The committee's preferred probabilistic ICERs were £53,910 per QALY gained for the intravenous formulation of belimumab and £62,367 per QALY gained for the subcutaneous formulation of belimumab (using the patient access scheme for belimumab). Both of these are above the range that NICE considers to be an acceptable use of NHS resources. The committee therefore could not recommend belimumab as a treatment option for people with active autoantibody-positive systemic lupus erythematosus.

Other factors

There are no equality issues that can be addressed in this technology appraisal

3.15 The committee understood that systemic lupus erythematosus mainly affects women, particularly those of child-bearing age. The patient experts explained that there is a risk of infertility and harm to an unborn baby with most immunosuppressive and biological treatments (if taken during pregnancy). This can make family planning challenging. The committee heard how the condition is more common in people of African, Caribbean and Asian family background and that they tend to have poorer health outcomes than people from other family backgrounds. It noted a stakeholder comment that double-stranded-DNA antibodies are less common in people from an African family background, and that any recommendation about belimumab use stating this as a criterion could be considered as discriminatory. The committee was aware that the company's updated population meant that only 1 of the 2 biomarkers was needed for someone to be eligible for treatment with belimumab. It also heard that administering intravenous belimumab in a specialist centre may be a barrier to accessing treatment if a person lives far way and has to take time off work to have regular infusions. The committee discussed that having a subcutaneous formulation that can be self-administered may improve access to belimumab. It concluded that issues about differences in prevalence or incidence of a condition and healthcare implementation cannot be addressed in a technology appraisal.
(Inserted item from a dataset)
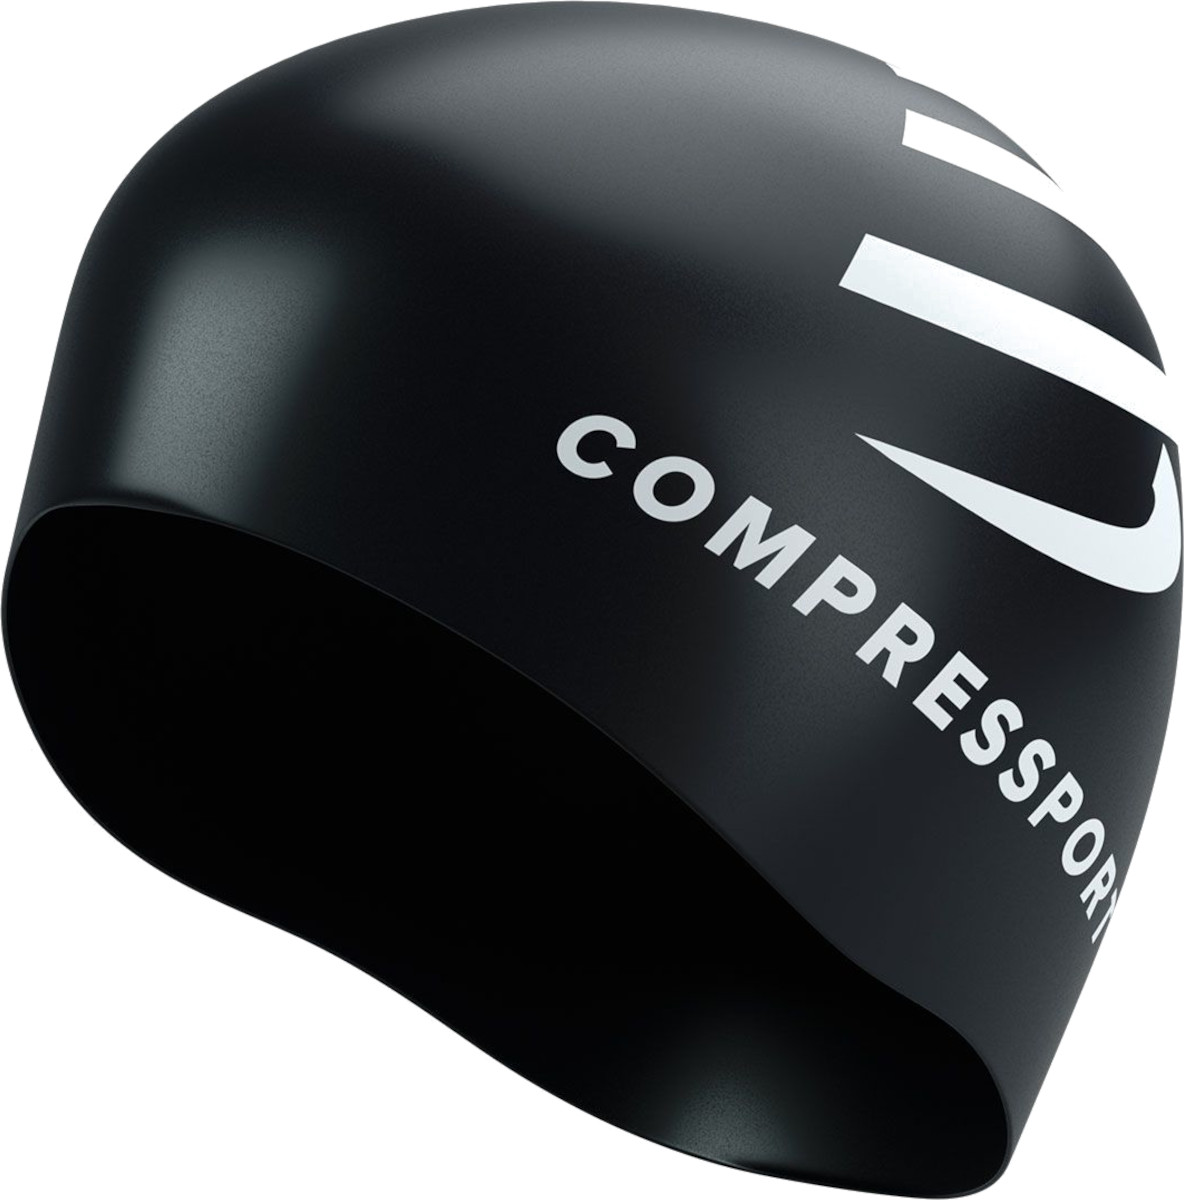 Kape Compressport Swim cap

The benefits of belimumab are captured in the cost-effectiveness analysis

3.16 The company considers belimumab as an add on to standard therapy to be innovative because it reduces disease activity and corticosteroid use in people with systemic lupus erythematosus. The committee agreed that these are important benefits and recognised that belimumab is the only medicine specifically licensed for treating systemic lupus erythematosus. However, it concluded that it had not been presented with evidence of any additional benefits that could not be captured in the QALY.

Conclusion

Belimumab is not recommended for routine use

3.17 The committee recognised that people with systemic lupus erythematous have benefitted from treatment with belimumab, and that using the subcutaneous formulation at home is beneficial. It acknowledged that belimumab compared with standard therapy improves disease outcomes, but that comparative long-term evidence is lacking. It considered that some of the assumptions used in the modelling were not appropriate and that there was uncertainty about the cost-effectiveness estimates. The committee agreed that it would like to see analyses that include:

  • an indirect comparison with rituximab (see section 3.7)

  • removal of the calibration factor (see section 3.10)

  • the regression analysis that informs response to treatment at 24 weeks (see section 3.11)

  • disease activity at 52 weeks in people whose condition has not responded to belimumab that matches the BLISS trials (see section 3.12)

  • a re-estimated utility regression model (see section 3.13).

It considered that the most plausible ICERs were above the range that NICE normally considers to be a cost-effective use of NHS resources. So, the committee concluded not to recommend belimumab, within its marketing authorisation, for treating active autoantibody-positive systemic lupus erythematosus.